A Black-billed Cuckoo perches on a bare branch of a cottonwood tree. There are a few leaves on some branches behind it, but the cuckoo is silhouetted against the bright blue sky.

Black-billed Cuckoo. Photo by Bo Crees.

Kurtin is using new acoustic technology to help overcome these challenges. While struggling through the undergrowth conducting traditional broadcast surveys last summer, she also strapped 72 acoustic monitors to trees, while project collaborators deployed another 73. “This technology has the potential to dramatically expand our understanding of cuckoos by allowing researchers to “listen” for cuckoos across the entire summer instead of a single morning” says Kurtin. She first became interested in acoustic research while studying how howler monkeys vocally respond to rainy conditions in Ecuador. She then helped the National Park Service deploy acoustic recorders for bats and owls in Arizona and is excited to apply her experience to the elusive cuckoo in Montana. Her research is a collaborative effort, with support from UMBEL, Northwestern Energy, Montana Fish Wildlife and Parks, and the Bureau of Land Management, Smithsonian Migratory Bird Center, the UM Charismatic Minifauna Lab, Montana Audubon, The Kitzes Lab at the University of Pittsburgh, American Prairie, and access from tribal and private landowners.
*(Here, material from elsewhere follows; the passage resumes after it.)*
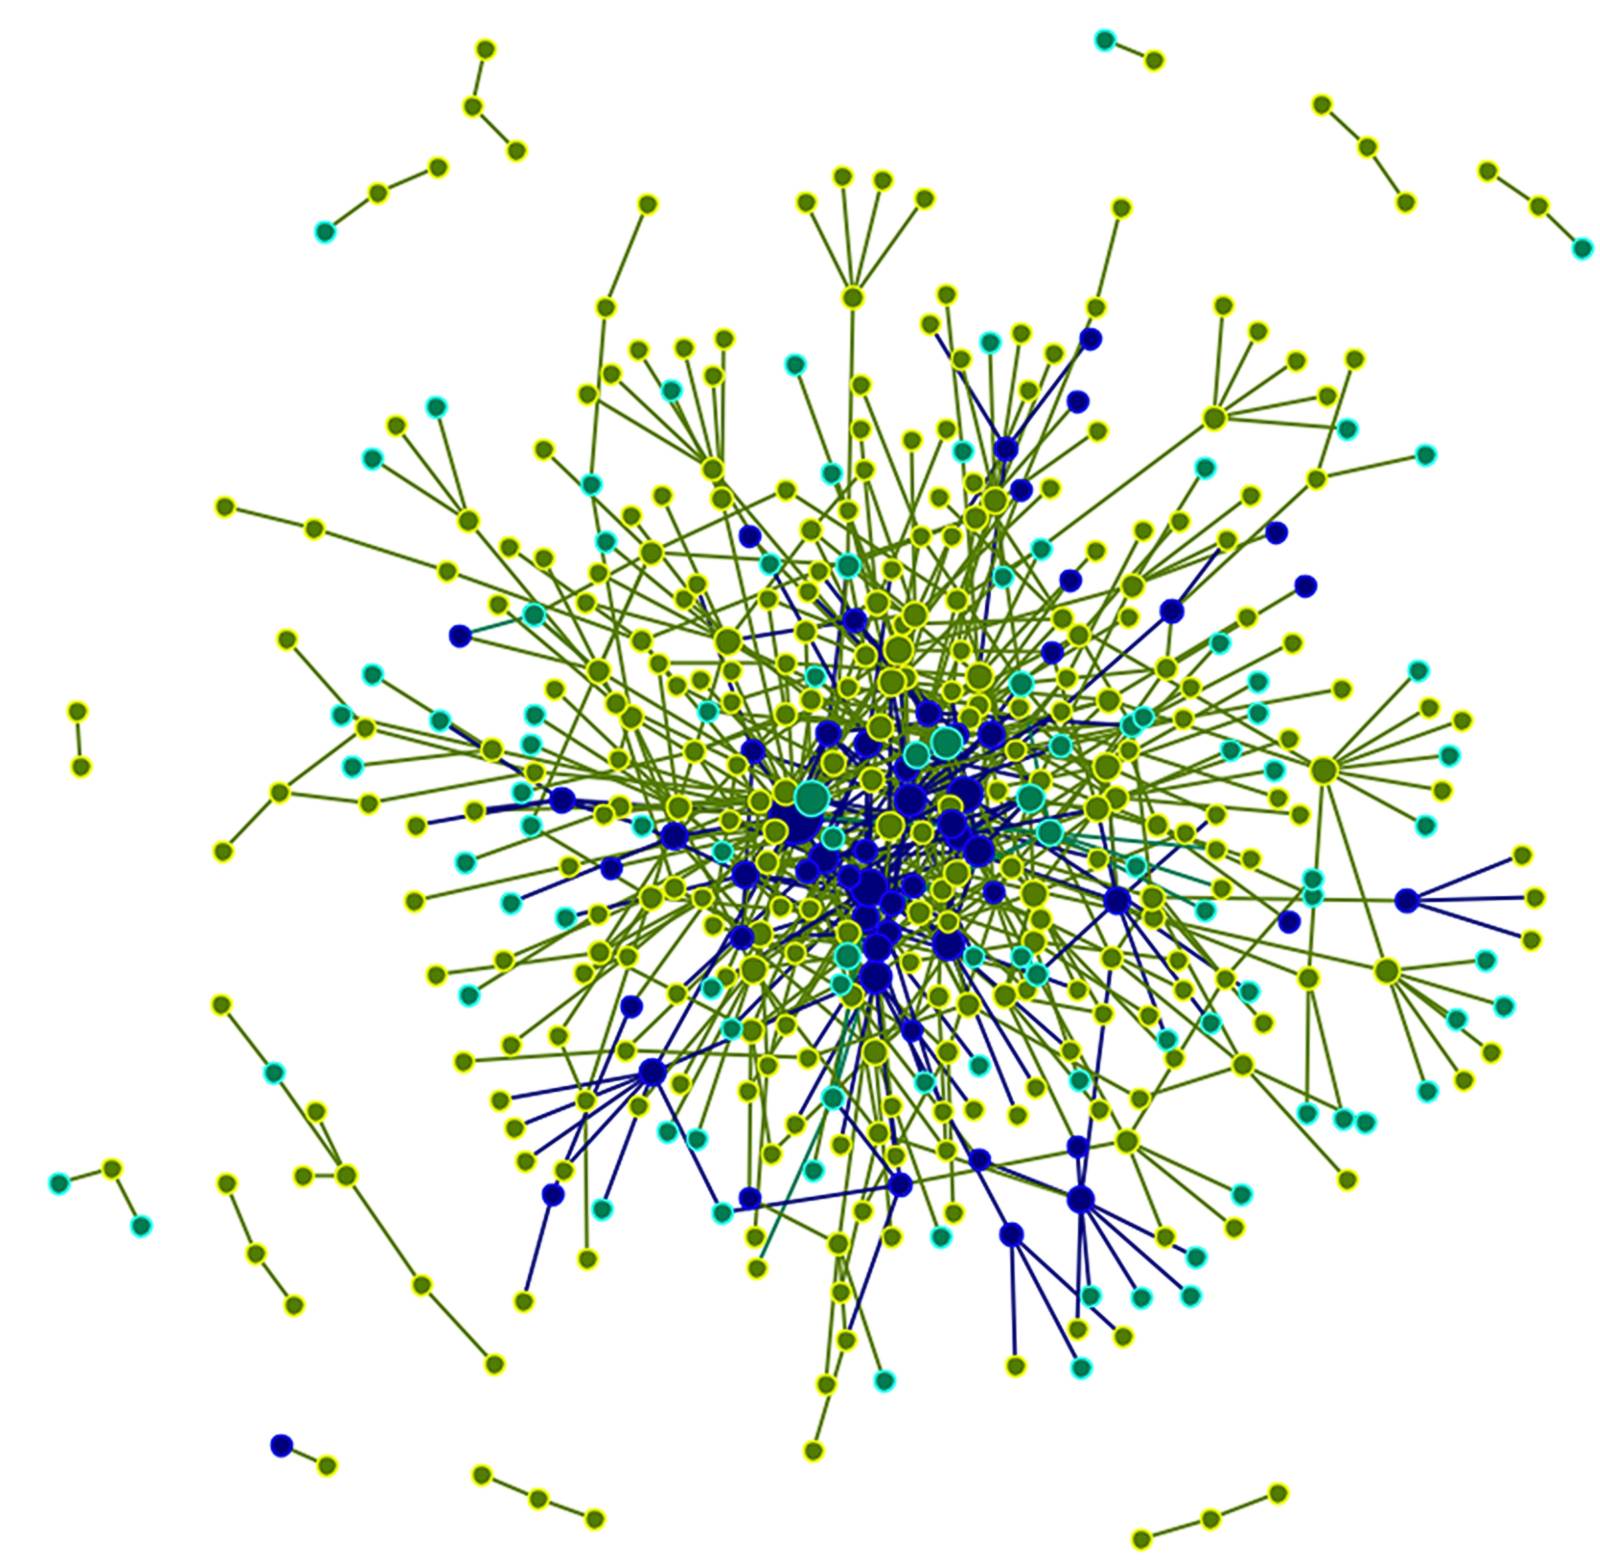 Lodi's knowledge network. Nodes represent individuals and ties represent knowledge-sharing relationships. Green nodes represent individuals who are exclusively growers, aqua nodes represent individuals who are exclusively outreach professionals and blue nodes represent individuals who are both growers and outreach professionals (boundary-spanning professionals). Nodes are scaled by total degree centrality, with higher centrality represented by larger diameter nodes.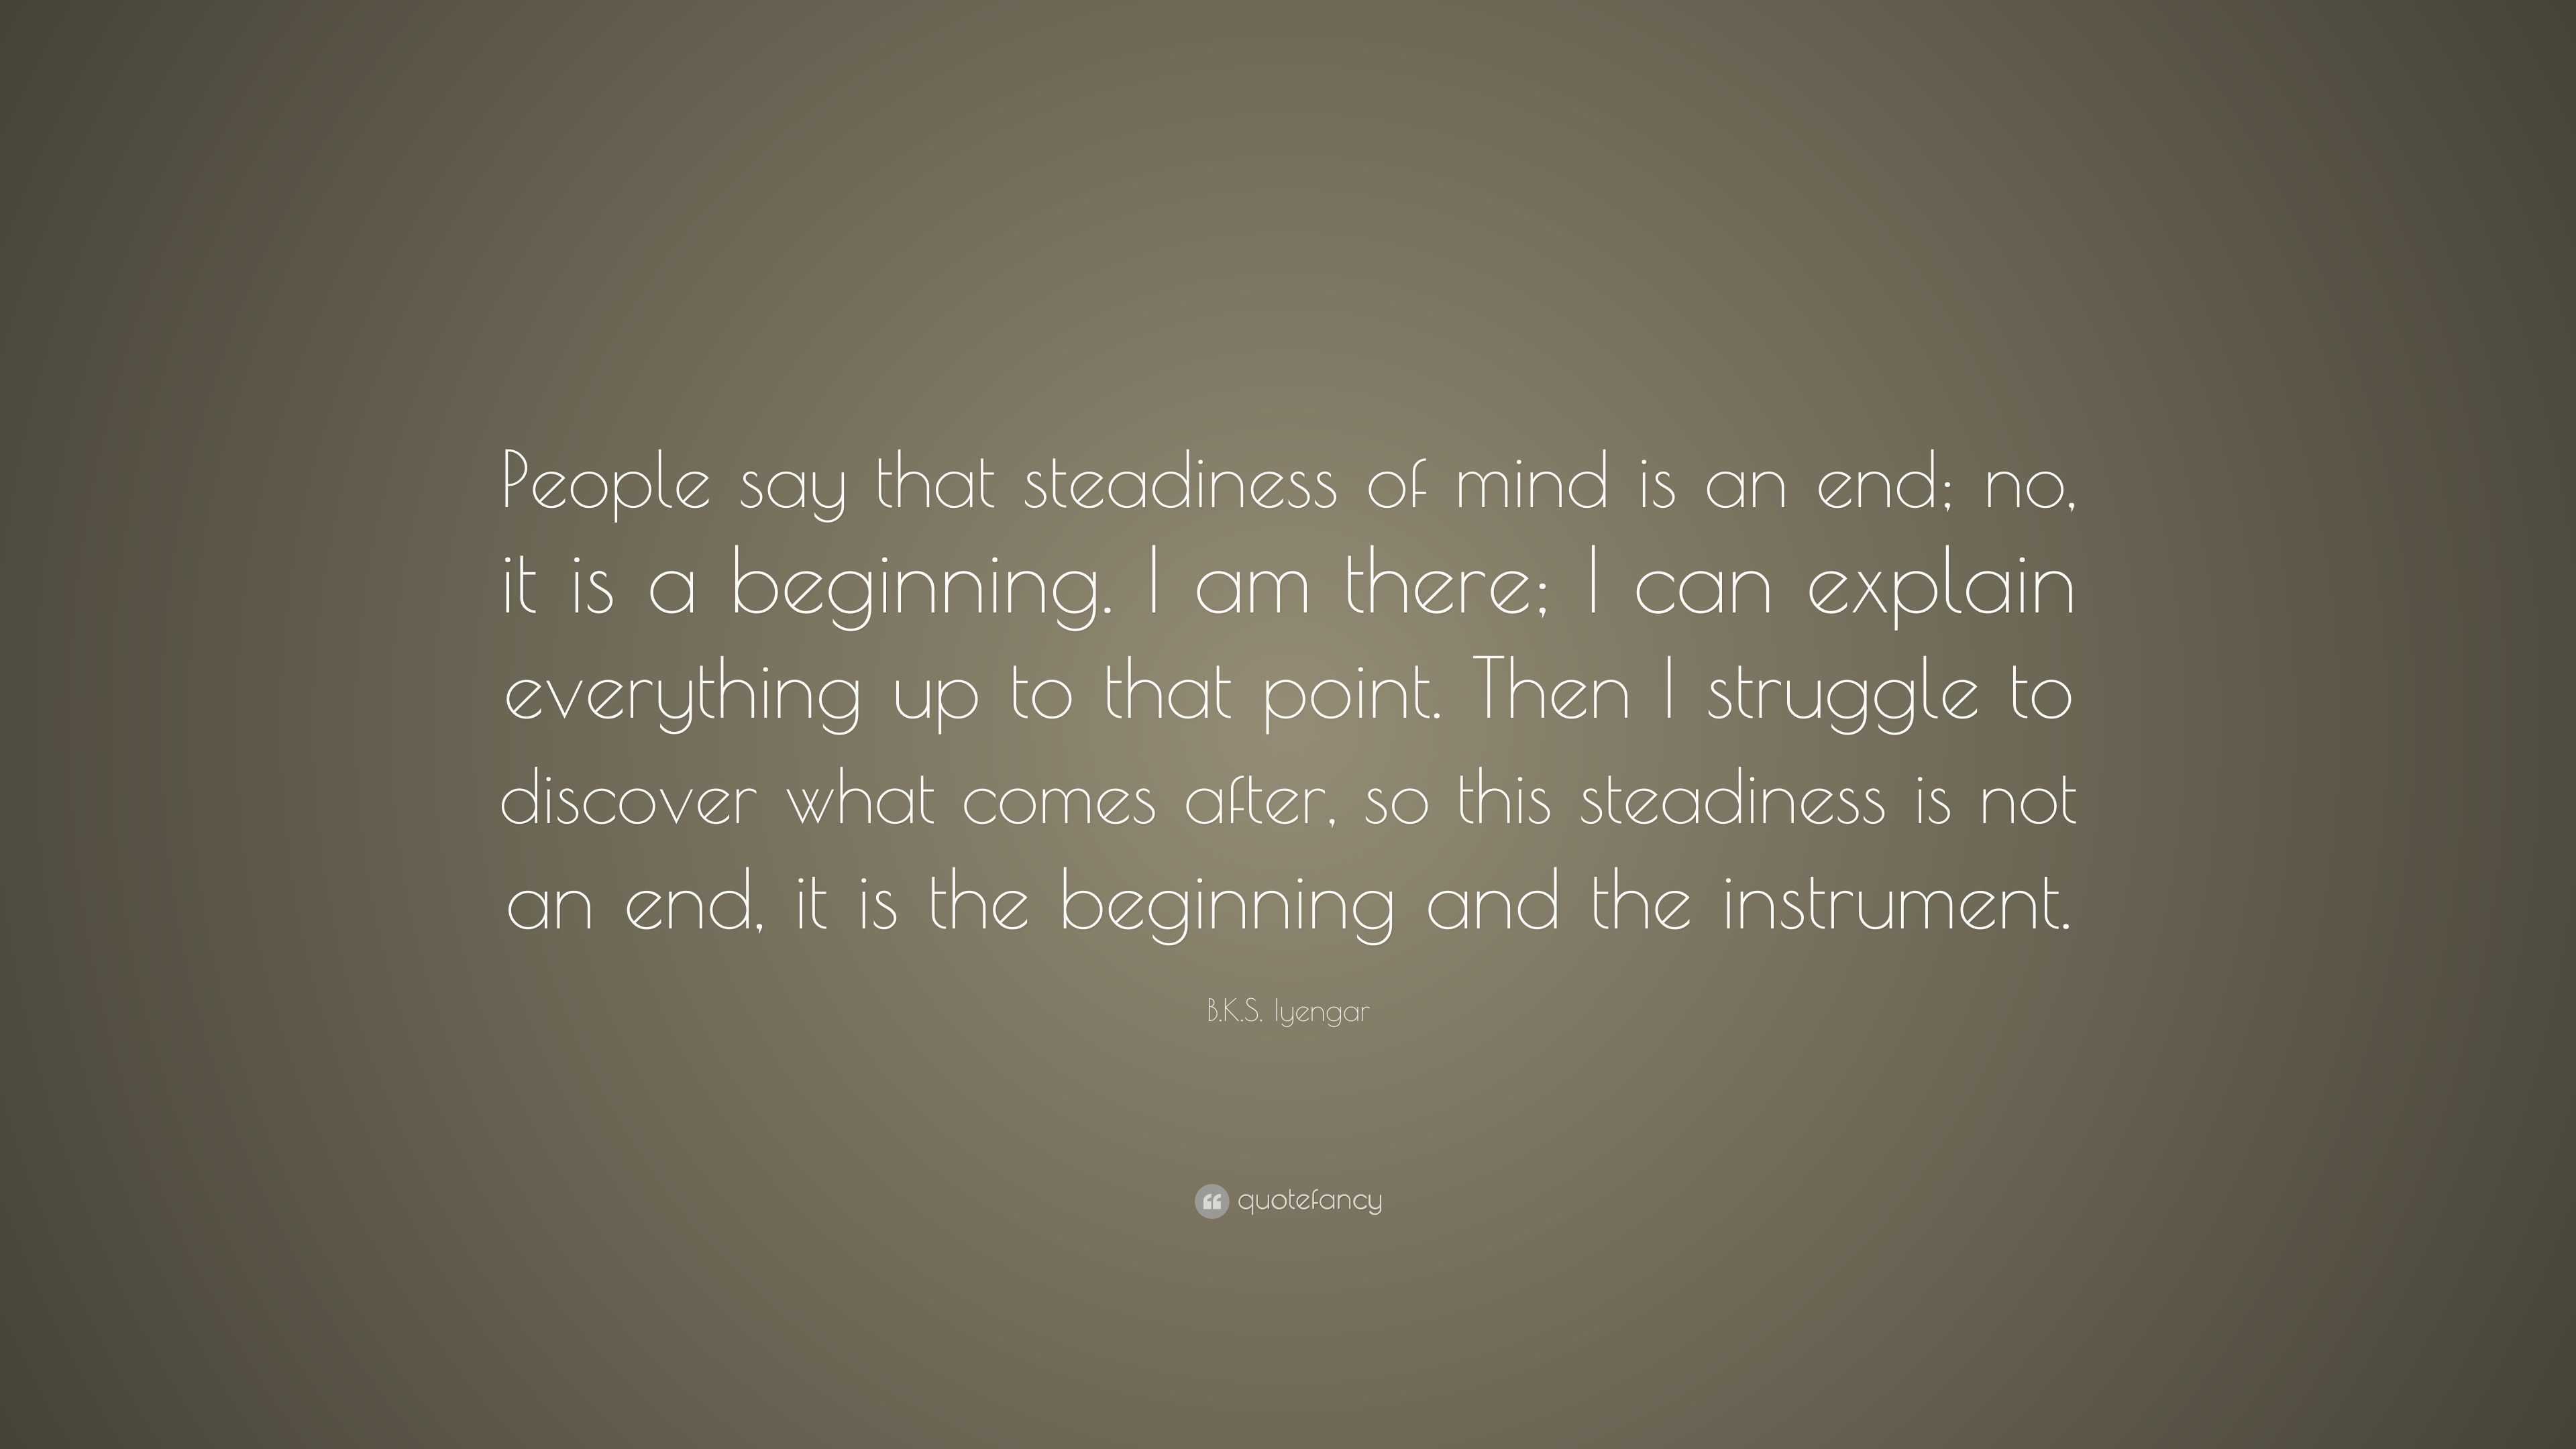 B.K.S. Iyengar Quote: “People say that steadiness of mind is an end; no ...

Unlike traditional survey methods, acoustic monitors are not constrained by time and require less specialized training for deployment. However, they come with their own suite of challenges, including data storage and processing. Each acoustic monitor holds approximately 152 hours of recordings after it is collected from the field, and with 145 monitors deployed, this totals up to 918 days of acoustic recordings! With collaborators at the Kitzes Lab at the University of Pittsburgh, Anna Kurtin is working to apply new techniques for identifying bird calls within acoustic recording data using artificial intelligence. “Collaborating with the Kitzes Lab is an exciting opportunity to apply the cutting edge of acoustics research to our project by building a specialized machine learning model to dramatically speed up the time it takes to process this data” says Kurtin. Through a process of training and evaluating this machine learning model, she is developing a streamlined process to pick cuckoo calls out of recordings, turning what would be months of listening to recordings into hours. This methodology also has the potential to be applied across other bird or animal species.

Spectrogram of the vocalizations of a Black-billed Cuckoo.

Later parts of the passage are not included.